**Exercise aim**
Drop the pictures and extract exactly the lines from the one that contains "DPW Exhaust Cutout" through the end of the material.

**Information shown**
'''

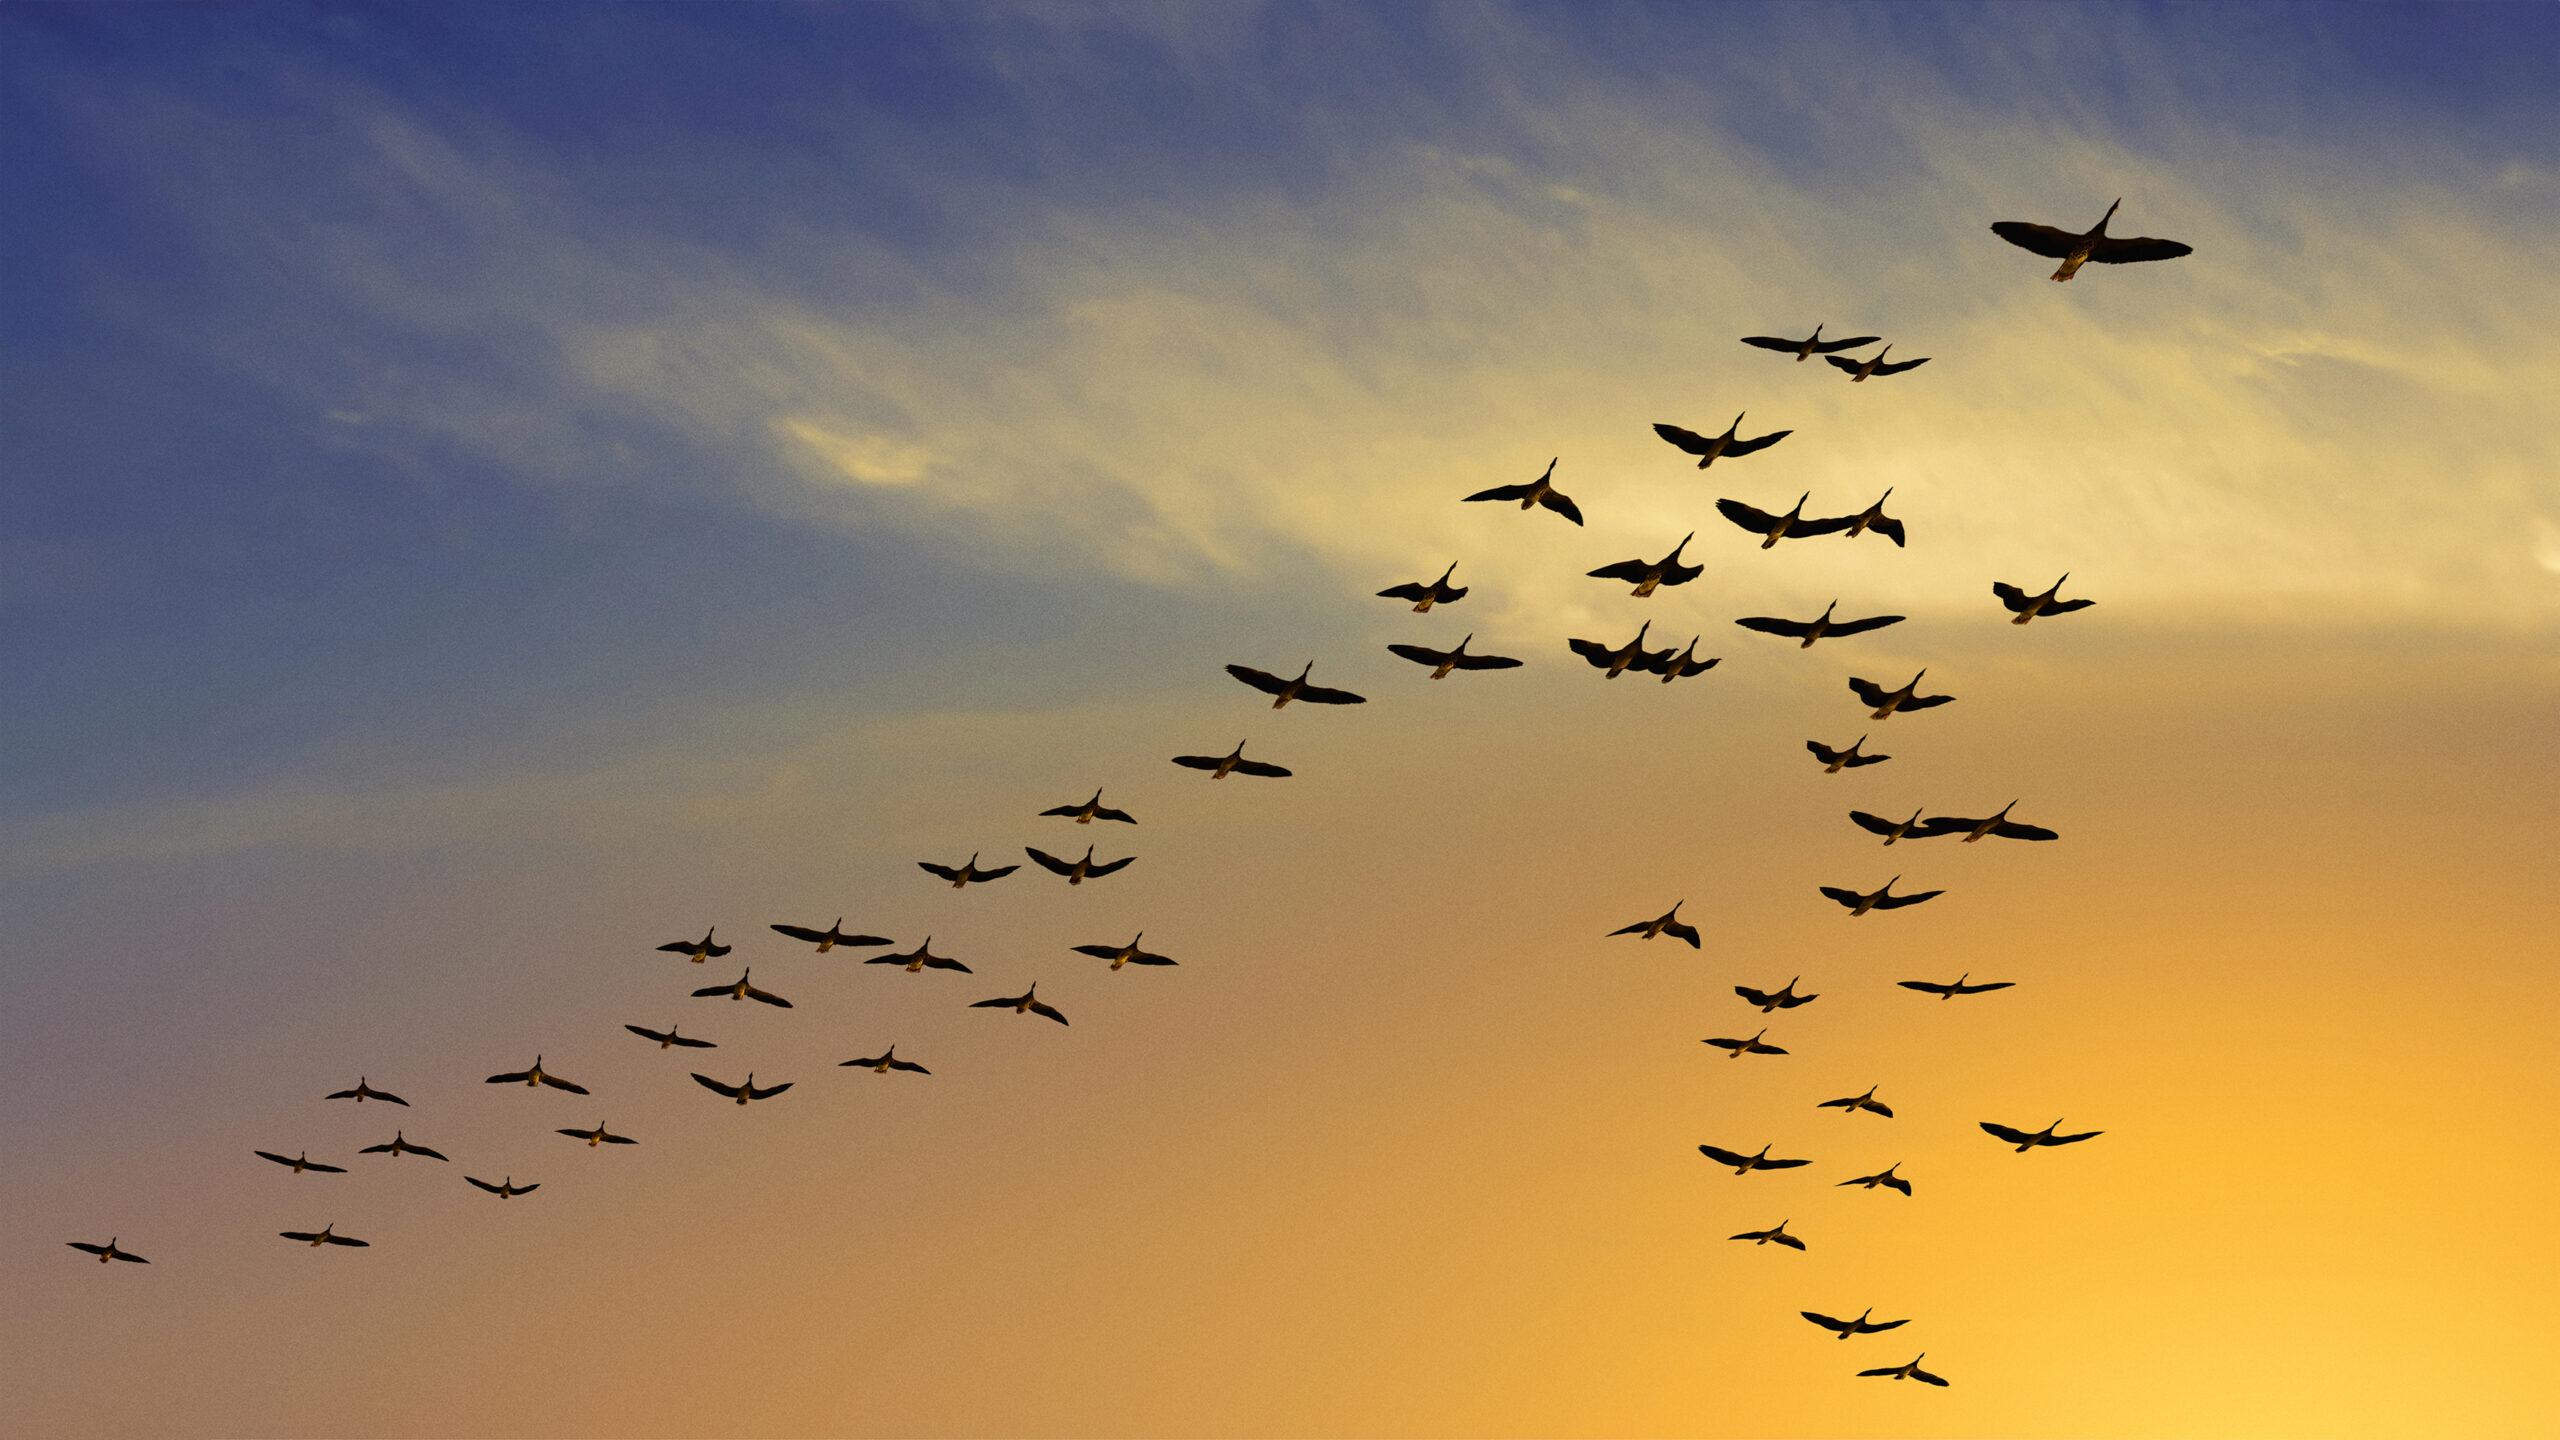 image of birds flying through the sky at dusk
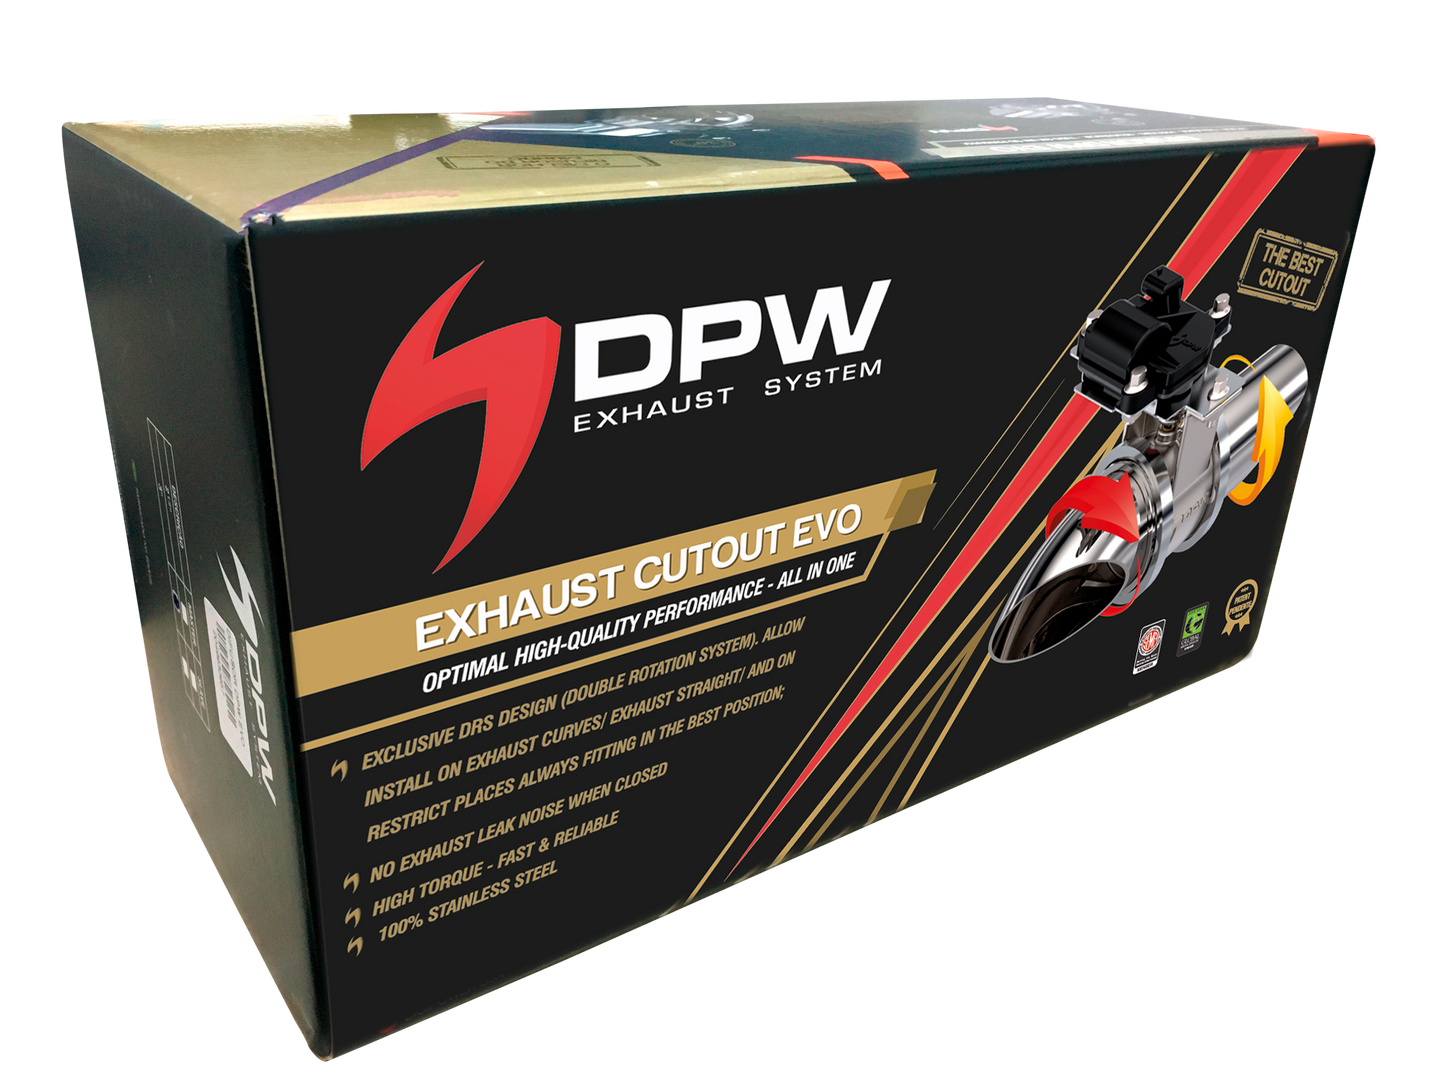 DPW Exhaust Cutout EVO Kit for Single Exhaust 3"
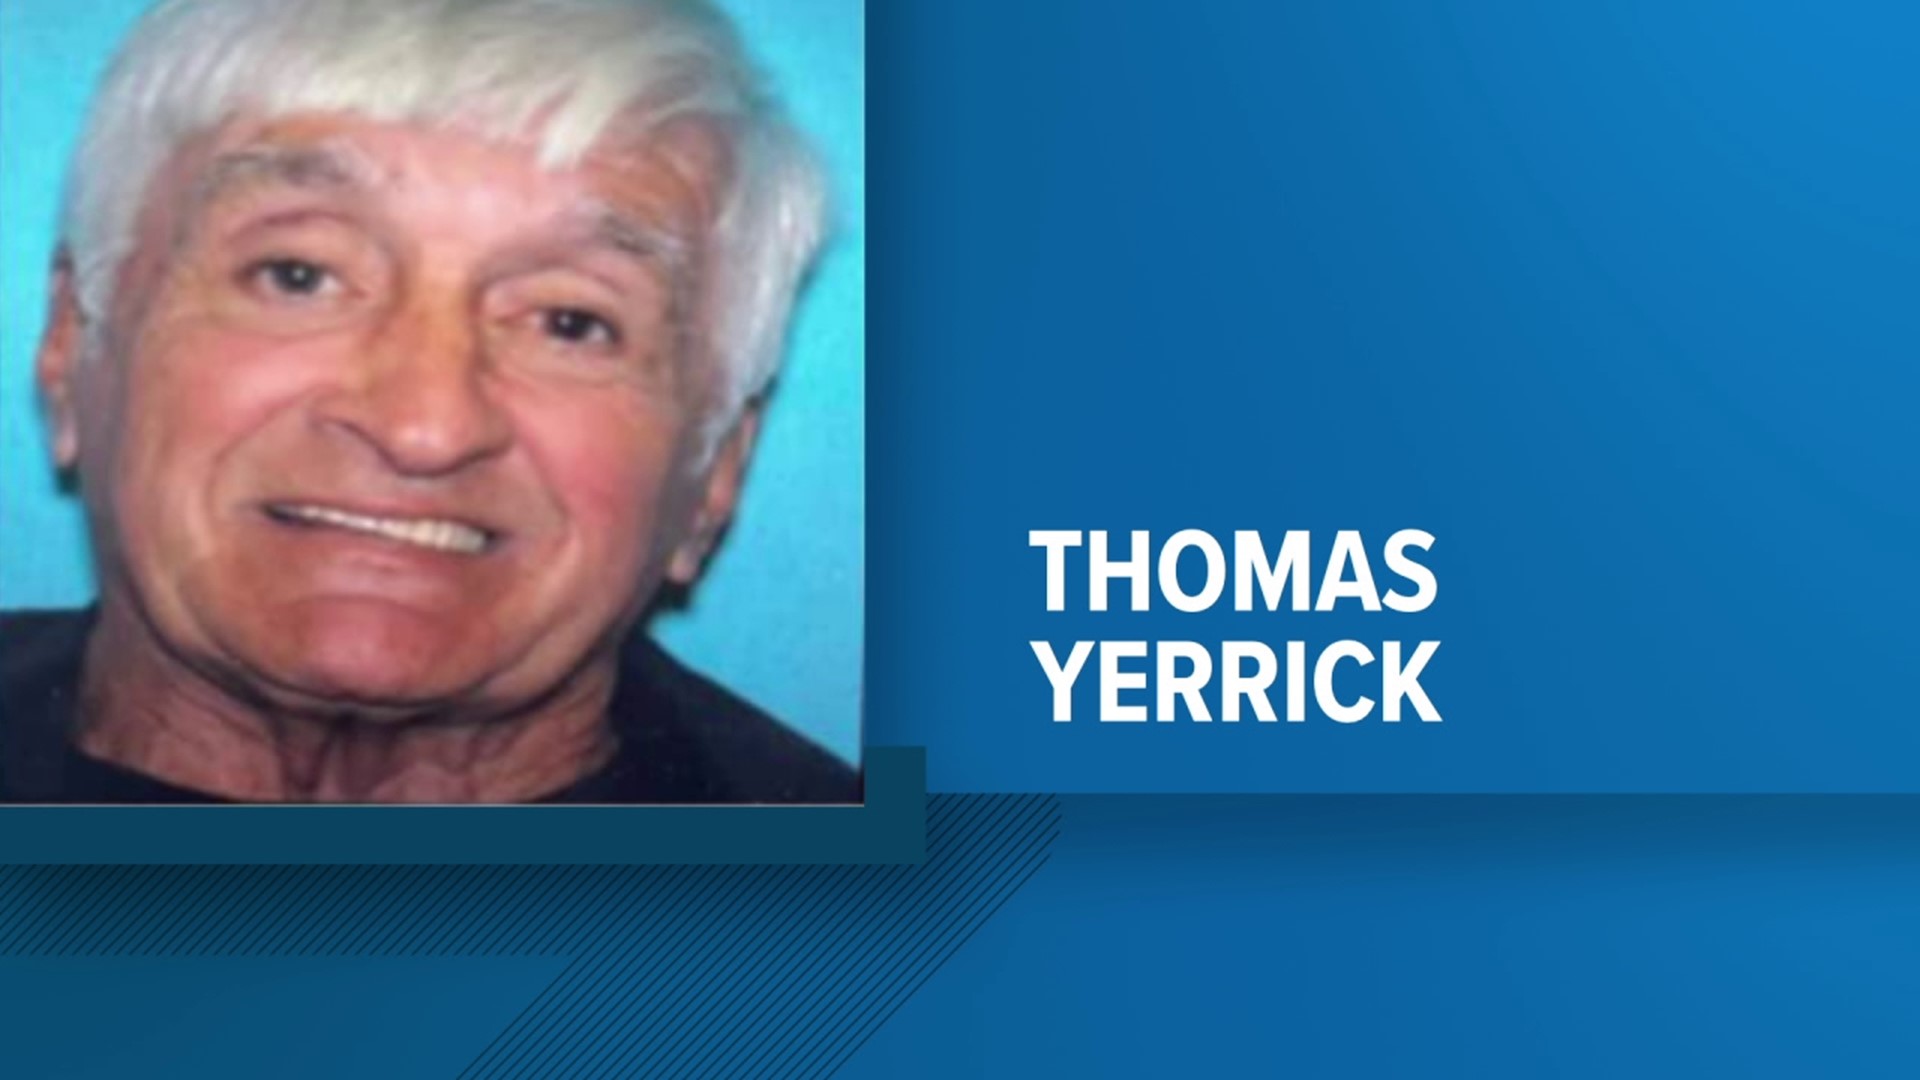 Police are searching for missing 70-year-old Thomas Yerrick of Scranton.
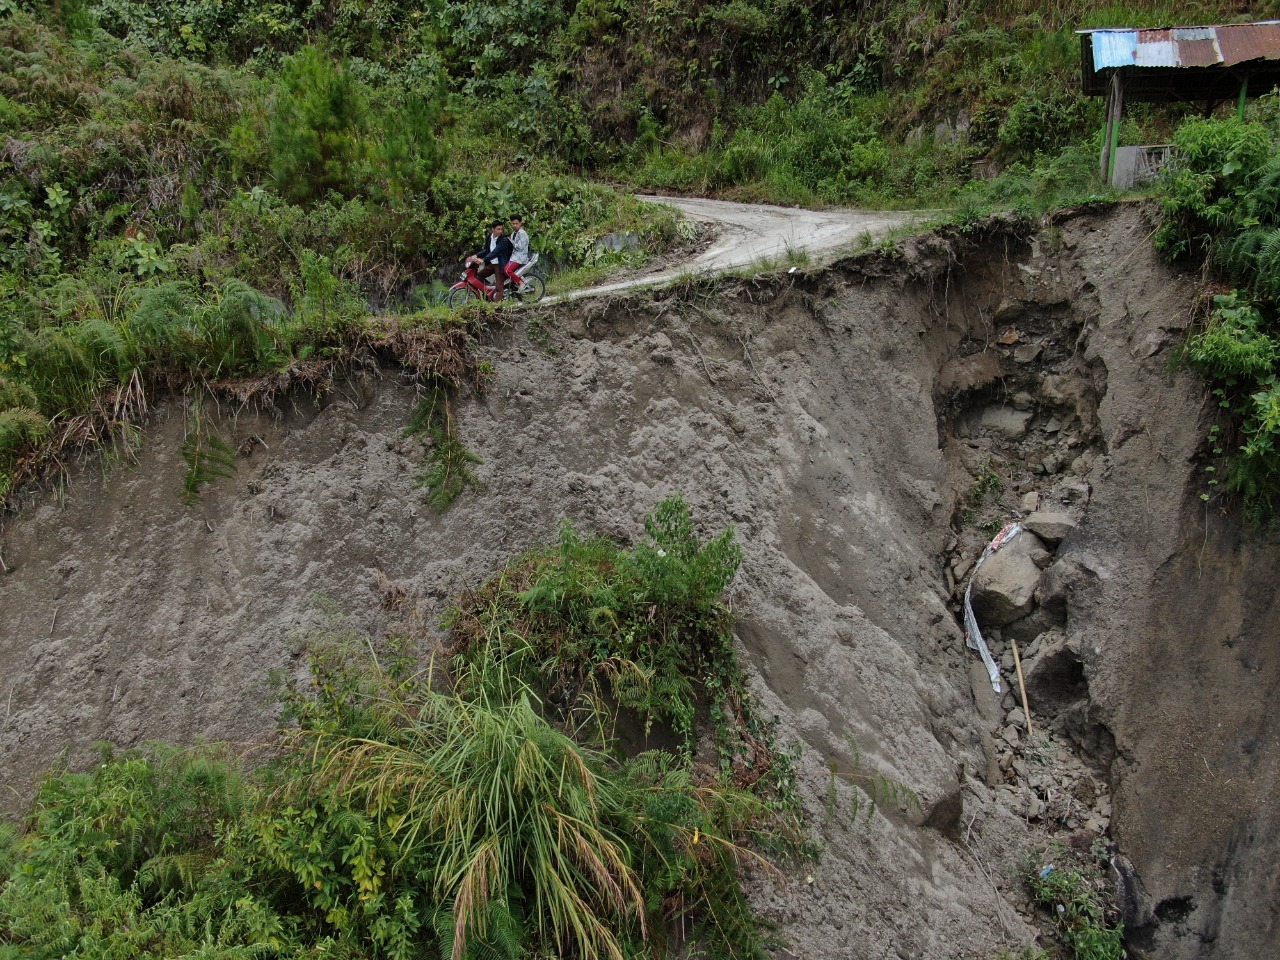 Sigapiton Village’s Paddy Fields and Main Road Hit by Landslide from The Caldera Toba Nomadic Escape

'''

**Exercise result**
 DPW Exhaust Cutout EVO Kit for Single Exhaust 3"
 Police are searching for missing 70-year-old Thomas Yerrick of Scranton.
 Sigapiton Village’s Paddy Fields and Main Road Hit by Landslide from The Caldera Toba Nomadic Escape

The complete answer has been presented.